(DATA BELOW)

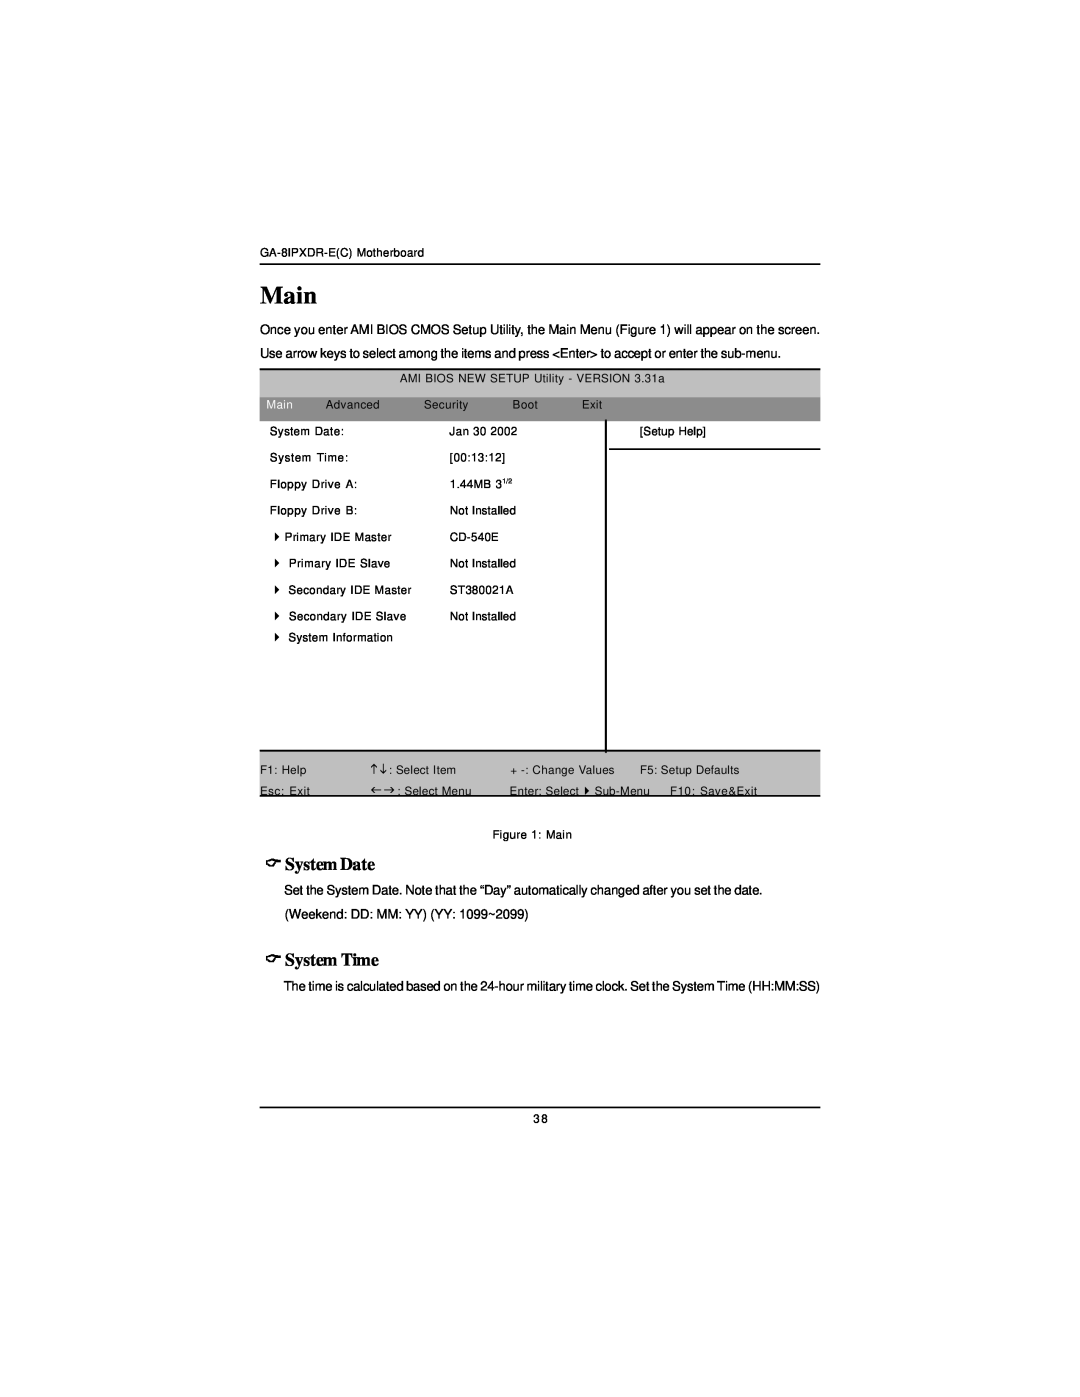 Intel GA-8IPXDR-E user manual Main, System Date, System Time 
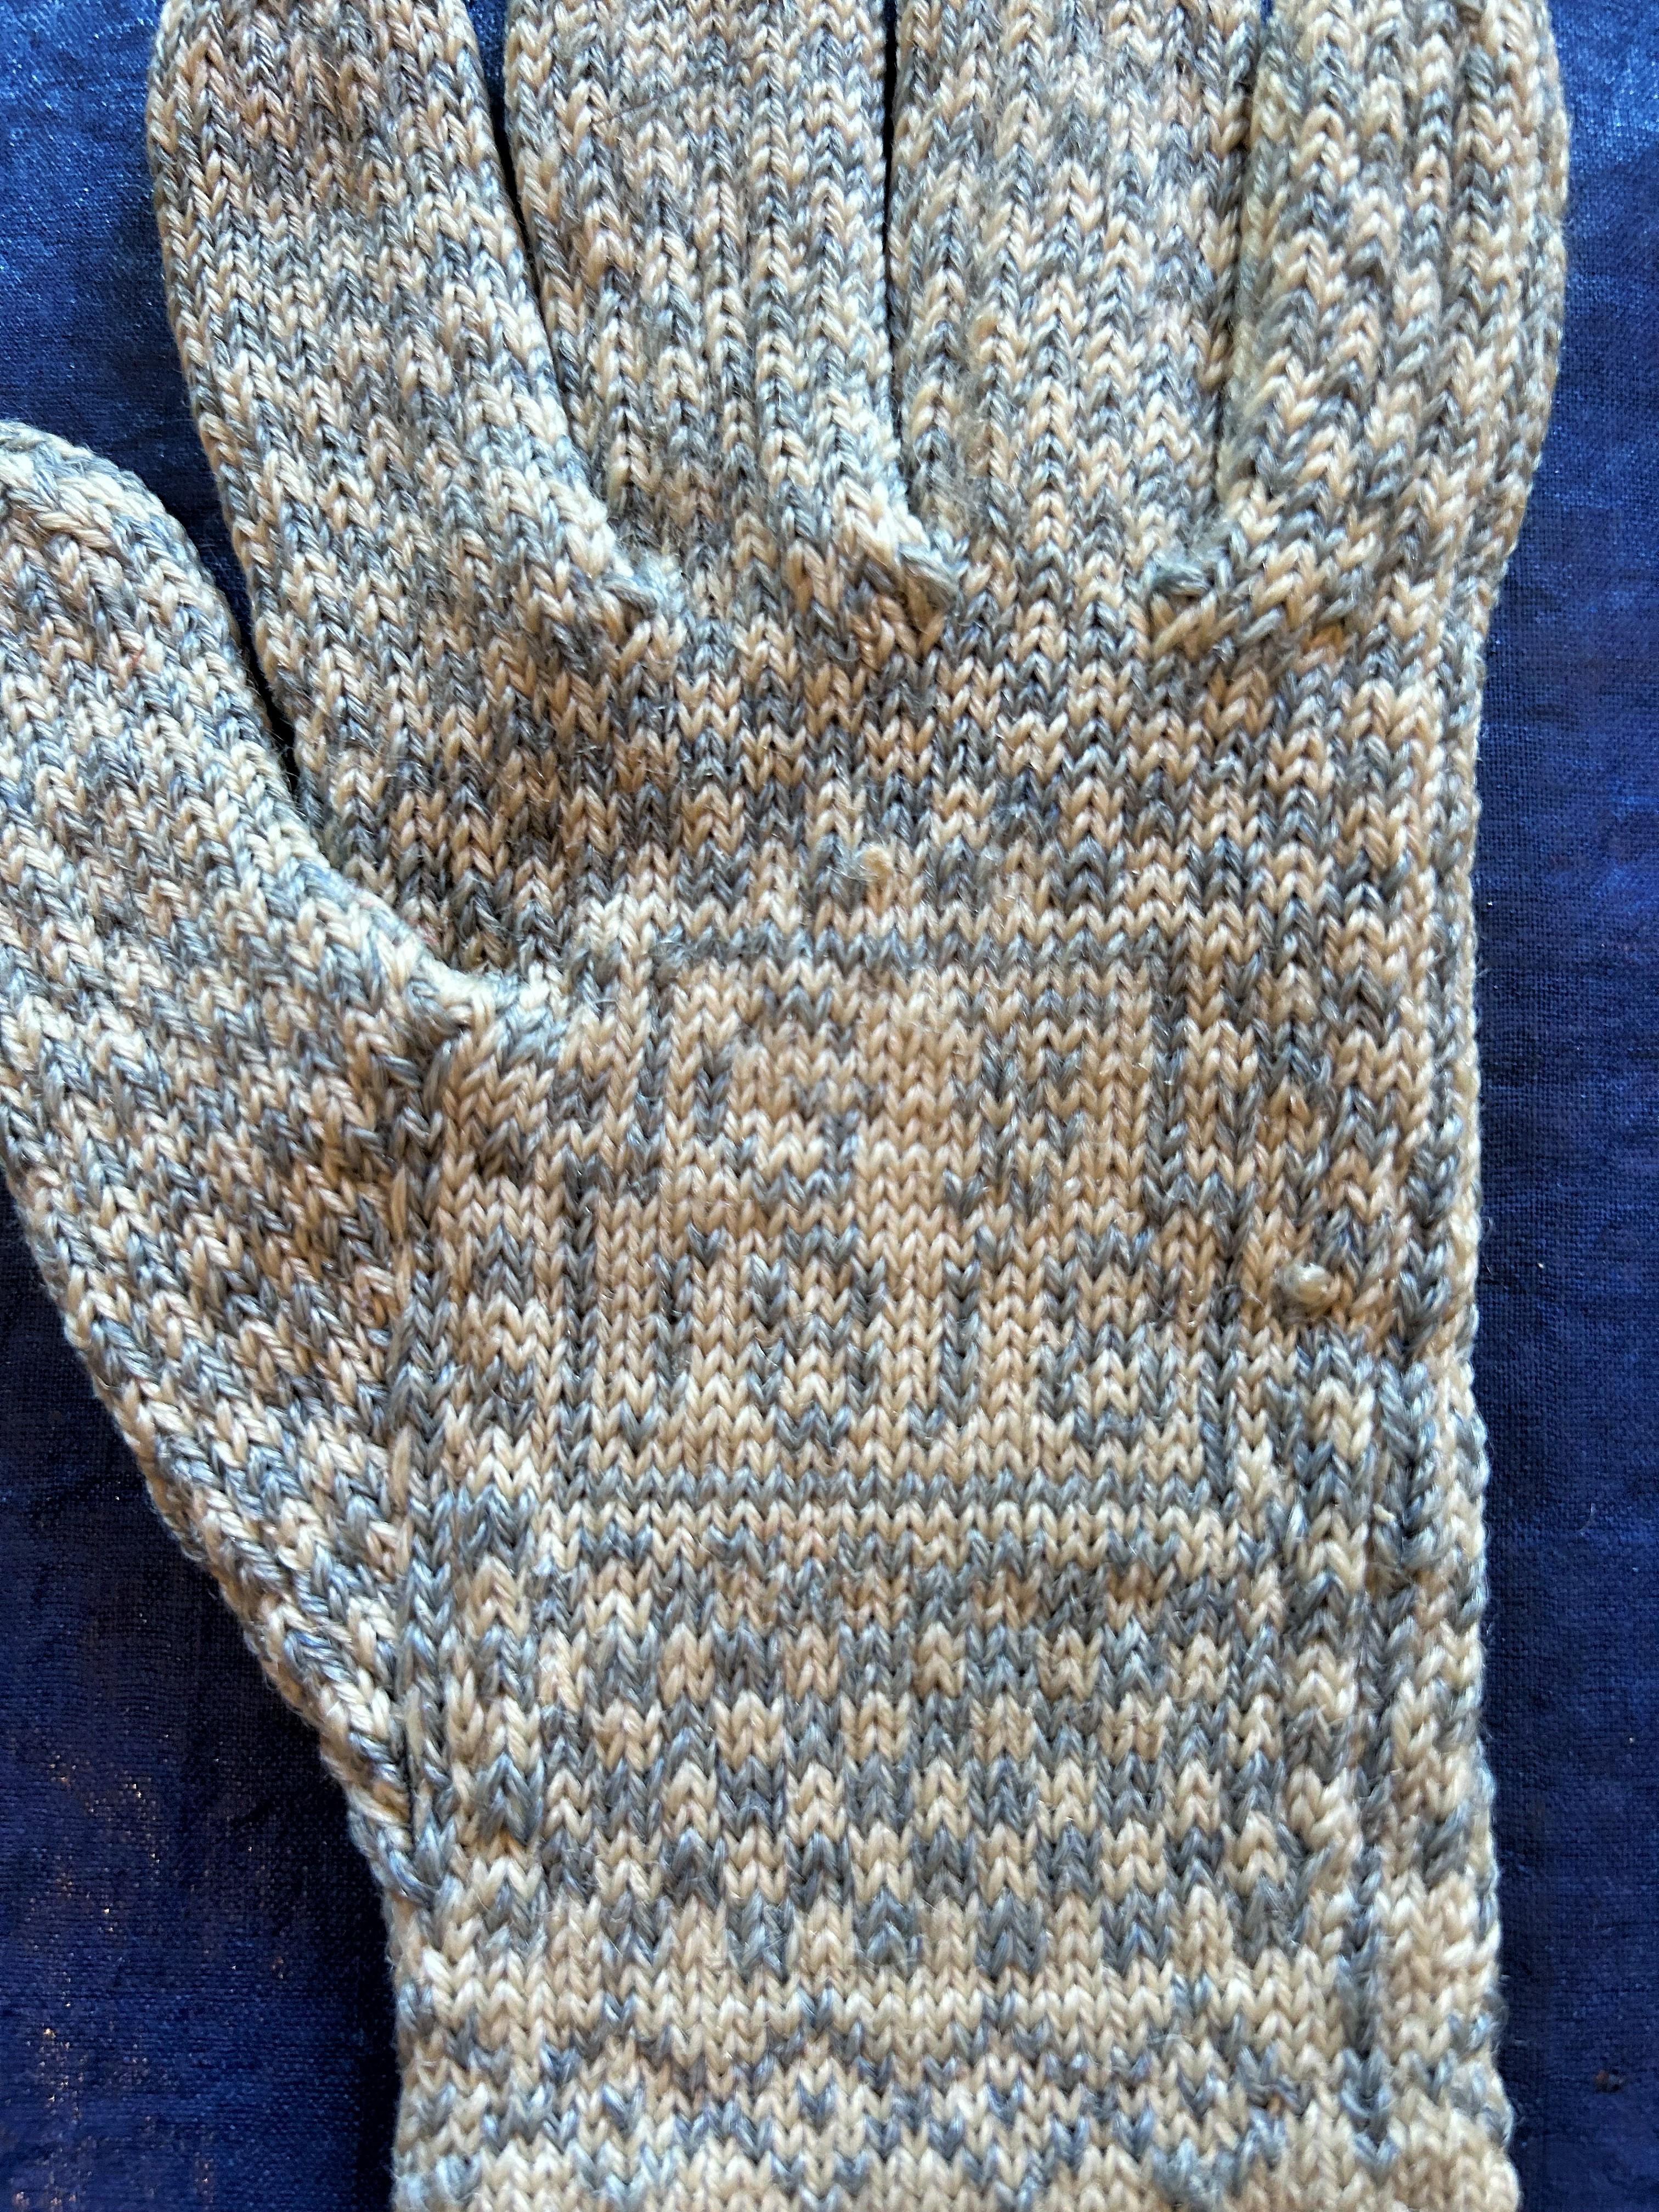 A pair of Sanquhar wool knitted gloves near Dumfries dated 1818 - Scotland 1
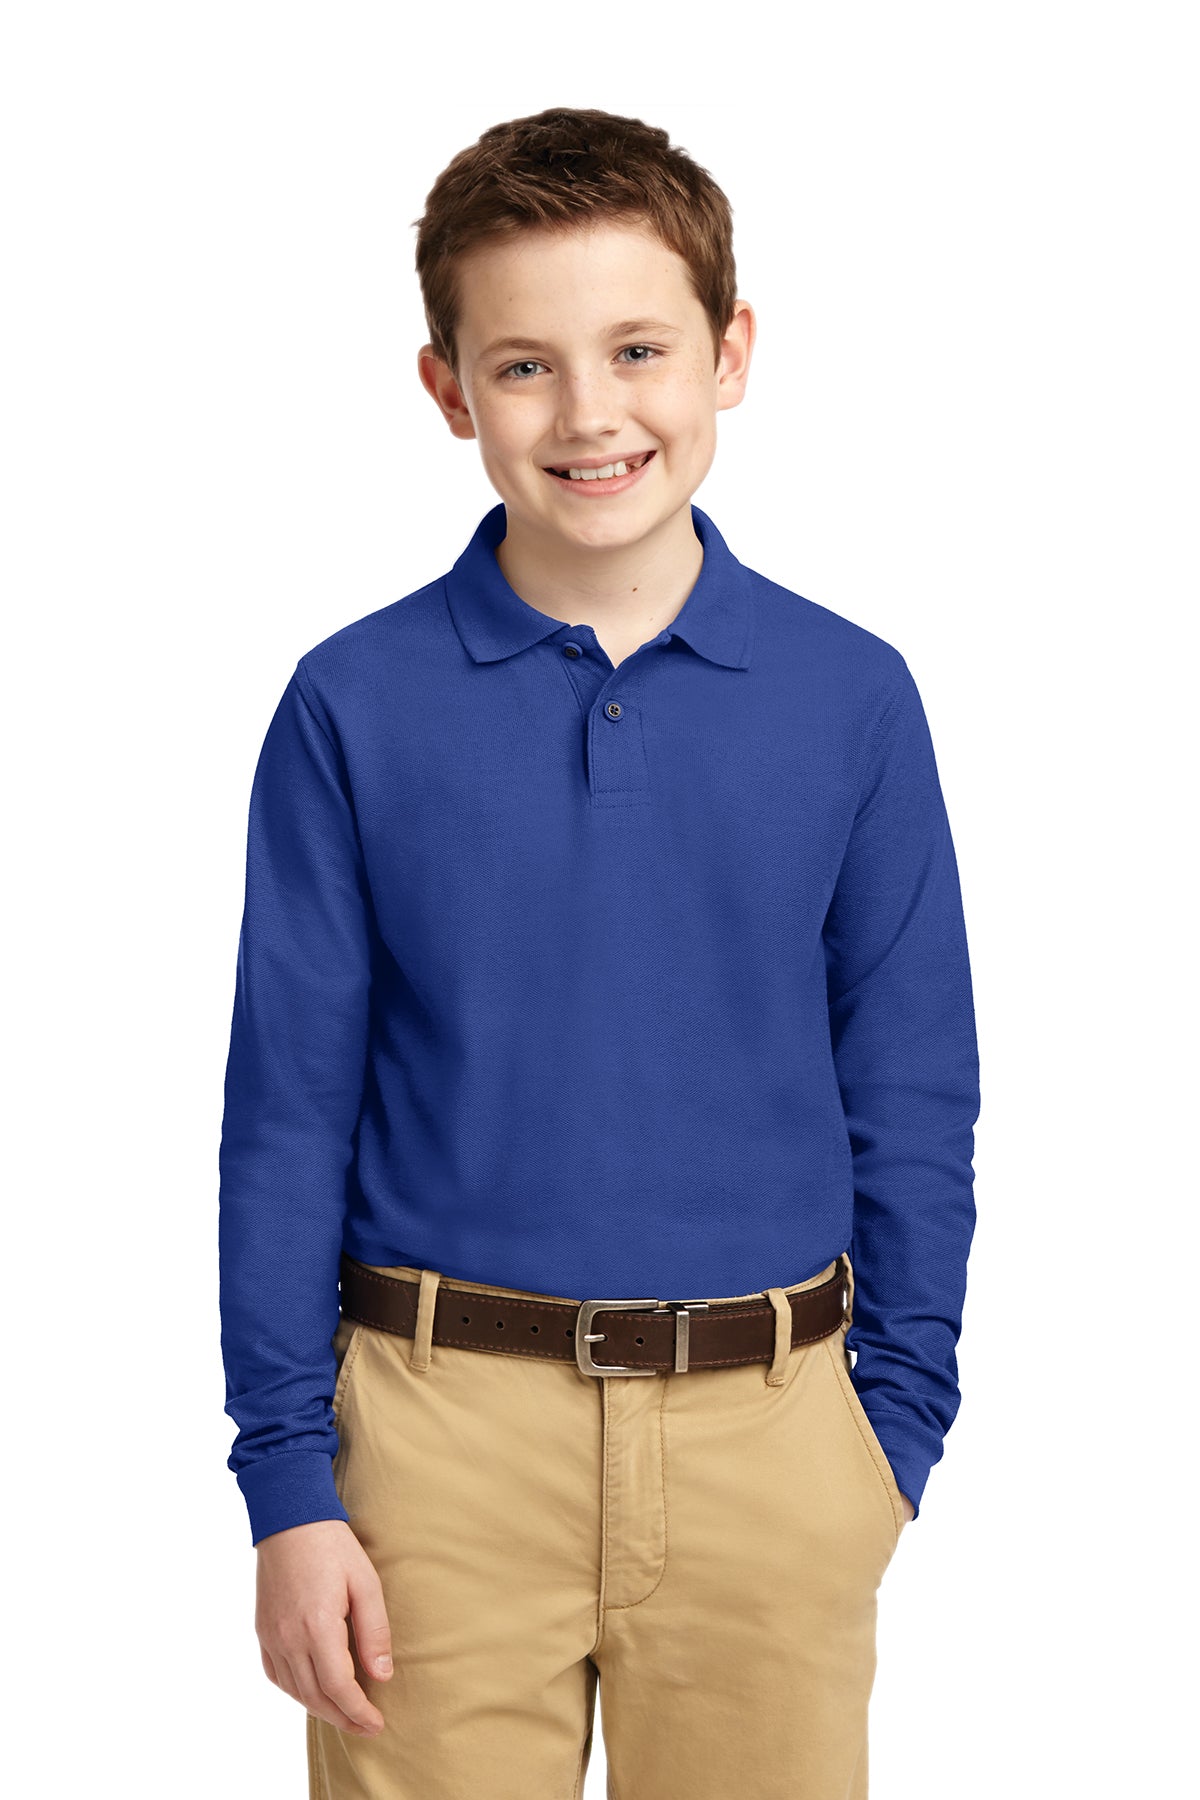 Windsor - YOUTH Long Sleeve Polo - ROYAL (Y500LS) - Southern Grace Creations

(End DATA BELOW)

EXERCISE AIM: Print the complete listing exactly, apart from any pictures.

RESULT:
 Intel GA-8IPXDR-E user manual Main, System Date, System Time 
 A pair of Sanquhar wool knitted gloves near Dumfries dated 1818 - Scotland 1
 Windsor - YOUTH Long Sleeve Polo - ROYAL (Y500LS) - Southern Grace Creations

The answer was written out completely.